Sauve had already told AFP on Sunday that a “minimum estimate” of 2,900 to 3,200 pedophiles had operated in the French Church since 1950. However, only a handful of cases gave rise to disciplinary measures under canon law , not to mention criminal prosecution.

François Devaux, head of an association of victims, condemned a “deviant system” which required a global response under a new “Vatican III” council headed by Pope Francis.

“You have finally given institutional recognition to the victims of all the responsibilities of the Church, which the bishops and the Pope are not yet ready to do,” Devaux told the conference Tuesday.

The casualties estimates were based largely on a representative study carried out by INSERM, the French institute for medical and health research, with a statistical “confidence interval” of 50,000 people more or less.
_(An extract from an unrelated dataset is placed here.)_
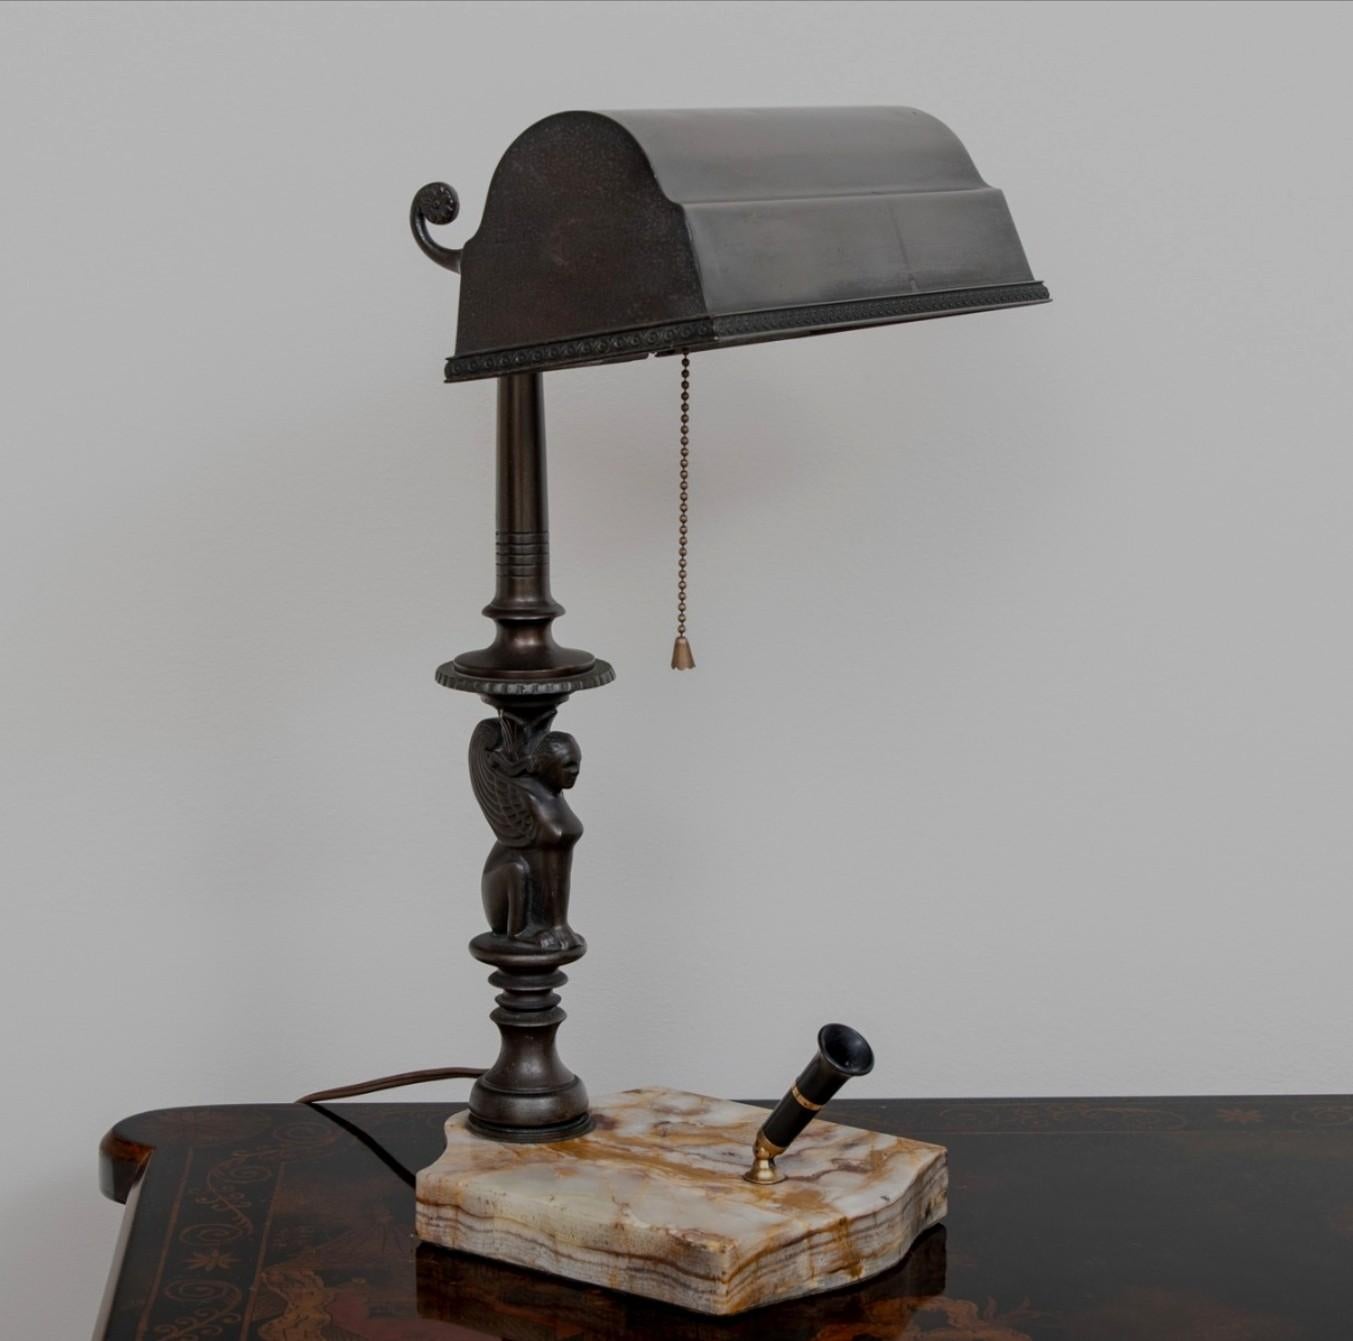 A fine antique American Art Deco Amronlite Sheaffer Fountain Pen banker's style desk lamp deluxe, circa late 1920s, featuring beautifully patinated original brass shade, rising on figural Egyptian winged sphinx form column on a shaped marble base

Sauve and his team of 21 specialists, all unaffiliated with the Church, also interviewed hundreds of people who came to tell their stories.

“If the veil of silence that covered the acts committed has finally been torn … we owe it to the courage of these victims,” ​​he wrote. “Without their testimony, our society would still not be aware of or deny what happened.”

The commission also had access to police records as well as Church archives, citing only two cases of refusal by ecclesiastical institutions to hand over requested documents.